Species of gastropod

Vexillum crocatum, common name : the saffron mitre, is a species of small sea snail, marine gastropod mollusk in the family Costellariidae, the ribbed miters.

==Description==
The shell size varies between 17 mm and 36 mm.

(Described as Mitra concinna) The ovate shell is contracted at the base. The spire is turreted. The whorls are angulated at the upper part and longitudinally ribbed. The ribs are granosely pointed upon the angle, transversely crossed with small obtuse ridges. The ridges are bright yellow, the interstices very dark chesnut. The columella is four-plaited.

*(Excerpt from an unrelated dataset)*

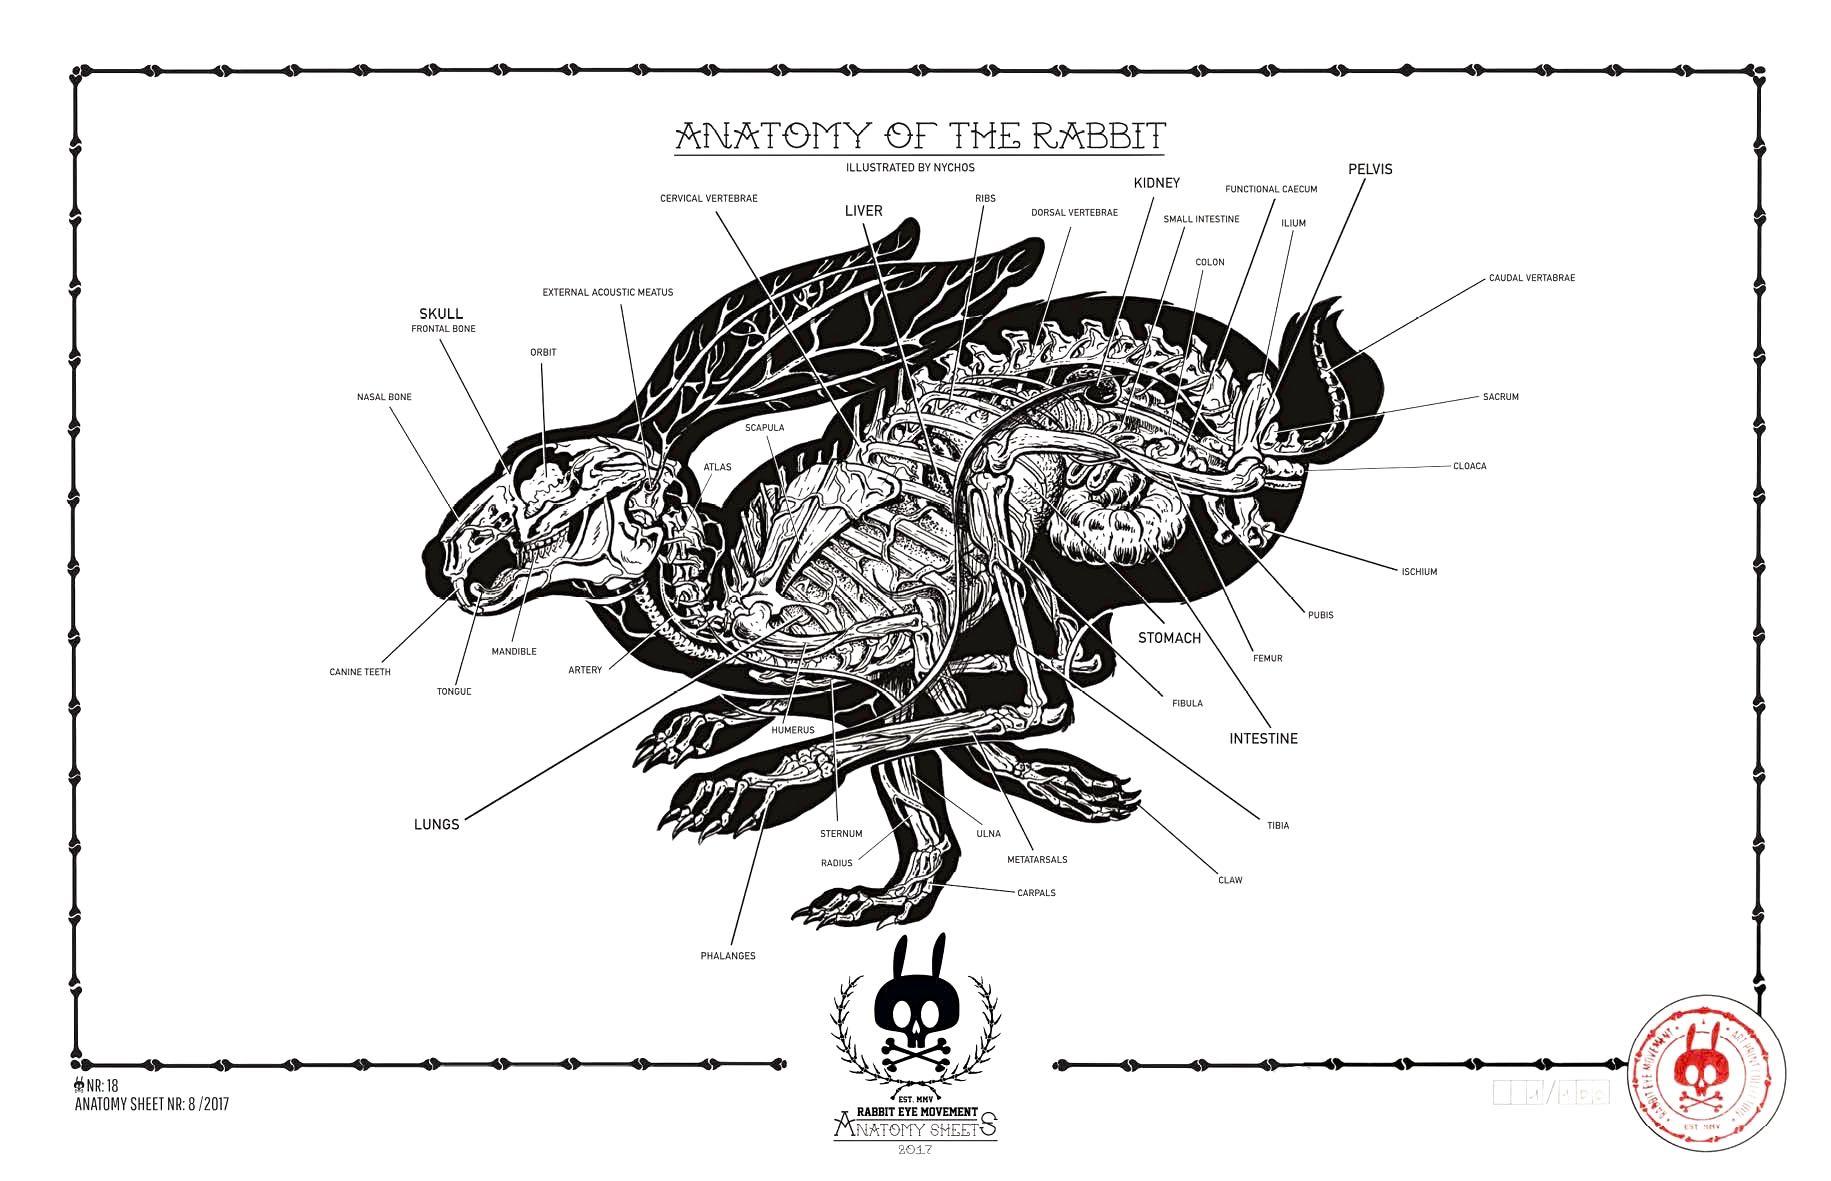 ANATOMY OF THE RABBIT: ANATOMY SHEET NO. 18 | Prints | Rabbit Eye ...

(Original description as Mitra assimilis) The oblong shell is subfusiform, turreted, solid and shining. It is whitish, with closely set transverse deep-brown slightly raised lines. The spire is moderately elevated and acute. The shell contains 8-9 whorls, plano-convex, shouldered above, longitudinally ribbed. The ribs are closely set, angular, slightly nodulous, 16 to 18 in number. The body whorl is convexly rounded, contracted and granulated at the base. The aperture is narrow, bluish white and lyrate within. The outer lip is rather sharp and crenulate. The columella shows four folds.

==Distribution==
This species occurs in the Red Sea, in the Indian Ocean off Chagos and the Mascarene Basin, and in the Indo-West Pacific.